Let $\lambda$ be a partition of $[n]$ into parts that are not multiples of $4$, with part $k$ occurring $r_k$ times. If $k\ge 1$ and $\lambda$ does not have a part $k$, then $r_k=0$; in particular, $r_k=0$ whenever $4\mid k$. Each $r_k$ has a unique base four representation

$$r_k=\sum_{i\ge 0}a_k(i)4^i,\qquad a_k(i)\in\{0,1,2,3\}\;,$$

and

$$n=\sum_{k\ge 1}kr_k=\sum_{k\ge 1}\sum_{i\ge 0}a_k(i)4^ik\;.\tag{1}$$

Construct a partition $\mu$ as follows: for each $k$ appearing in $\lambda$ and each $i\ge 0$, $\mu$ has $a_k(i)$ parts $4^ik$. It follows from $(1)$ that $\mu$ is a partition of $[n]$. Moreover, $4^{i_1}k_1=4^{i_2}k_2$ iff $\langle i_1,k_1\rangle=\langle i_2,k_2\rangle$, since the parts $k$ of $\lambda$ are not divisible by $4$, and each $a_k(i)\le 3$, so $\mu$ has at most $3$ copies of each part. Clearly the map $\lambda\mapsto\mu$ is injective.

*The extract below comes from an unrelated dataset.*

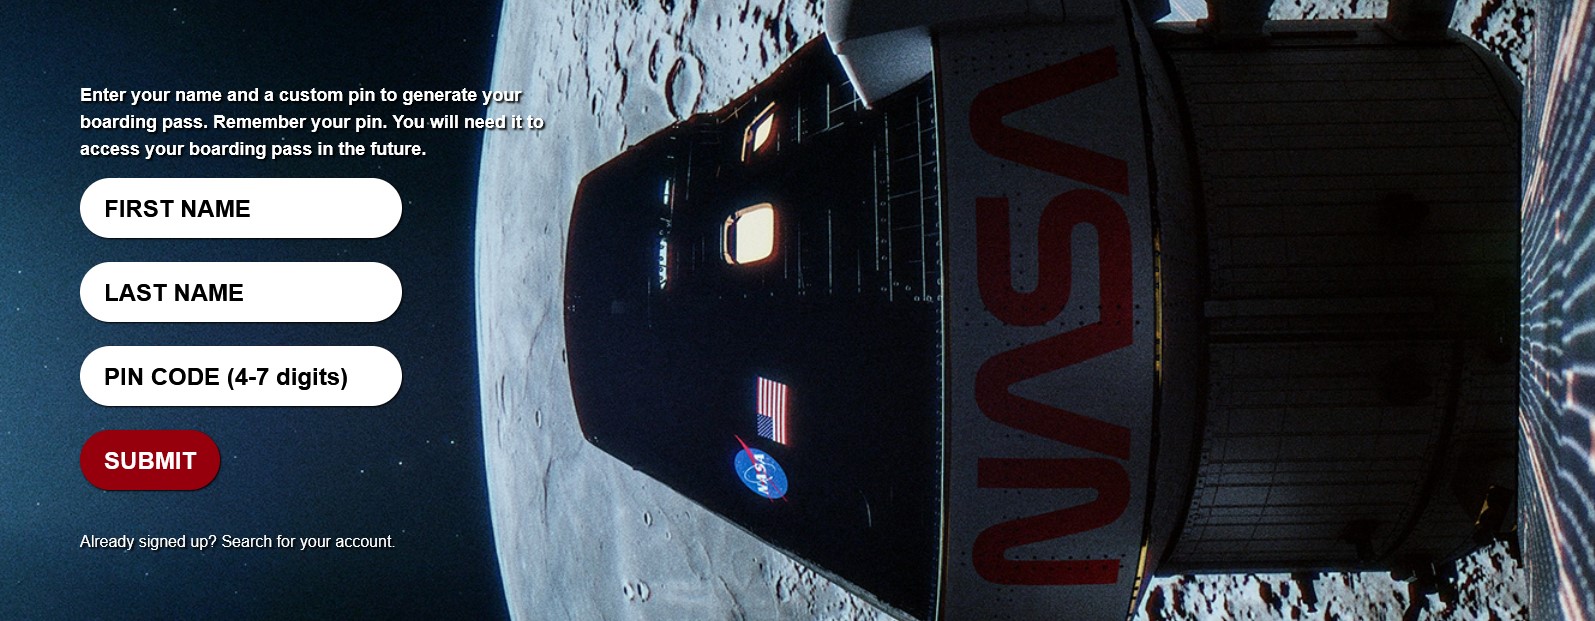 NASA is Letting People Fly Their Name Around the Moon With Artemis 1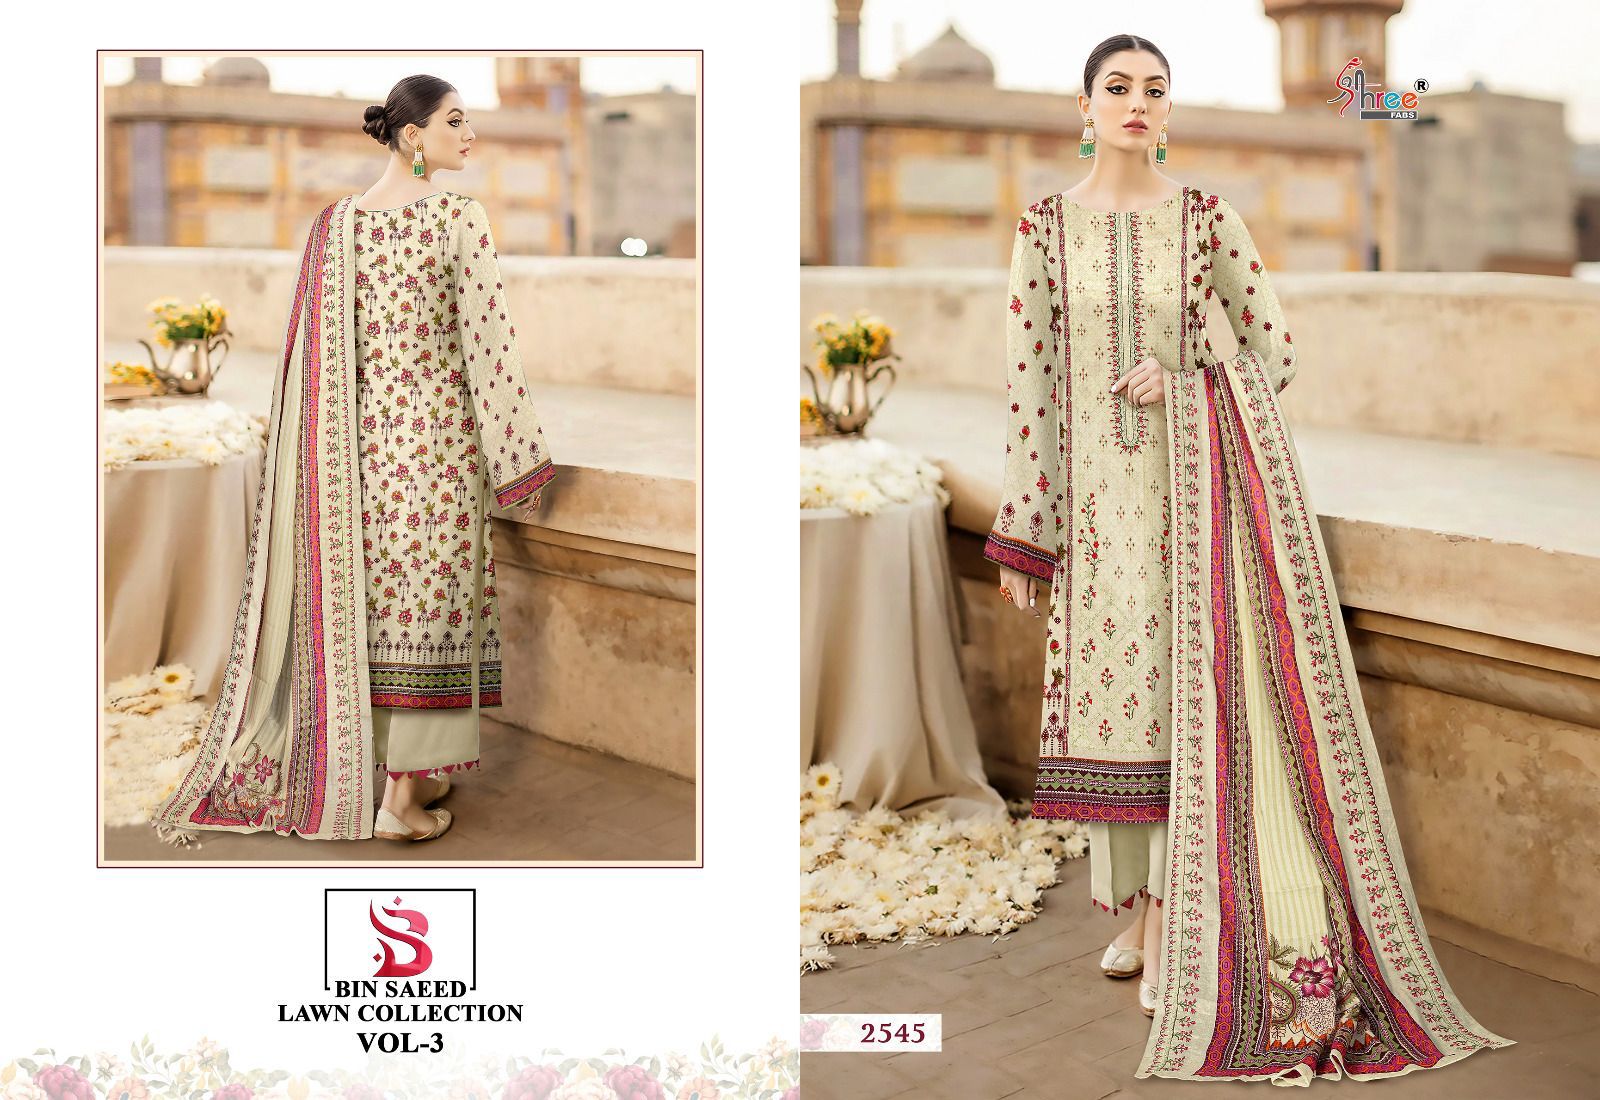 Shree Bin Saeed Lawn Collection Vol 3 collection 4

Conversely, if $\mu$ is a partition of $[n]$ that has at most $3$ copies of each part, let $p_1,\dots,p_m$ be the distinct parts of $\mu$. For $j=1,\dots,m$ let $p_j=4^{i_j}k_j$, where $4\nmid k(j)$; this factorization is unique. If $p_j$ occurs $r_j$ times in $\mu$, $$n=\sum_{j=1}^mr_j4^{i_j}k_j\;.$$

Let $K=\{k_j:j=1,\dots,m\}$. For each $k\in K$ let $$s_k=\sum_{k_j=k}r_j4^{i_j}\;,$$ and let $\lambda$ be the partition of $[n]$ with $s_k$ copies of $k$ for $k\in K$; clearly no part of $\lambda$ is a multiple of $4$, and it’s not hard to see that the map $\mu\mapsto\lambda$ is the inverse of the map $\lambda\mapsto\mu$ defined in the first paragraph. Thus, these maps are bijections establishing the desired result.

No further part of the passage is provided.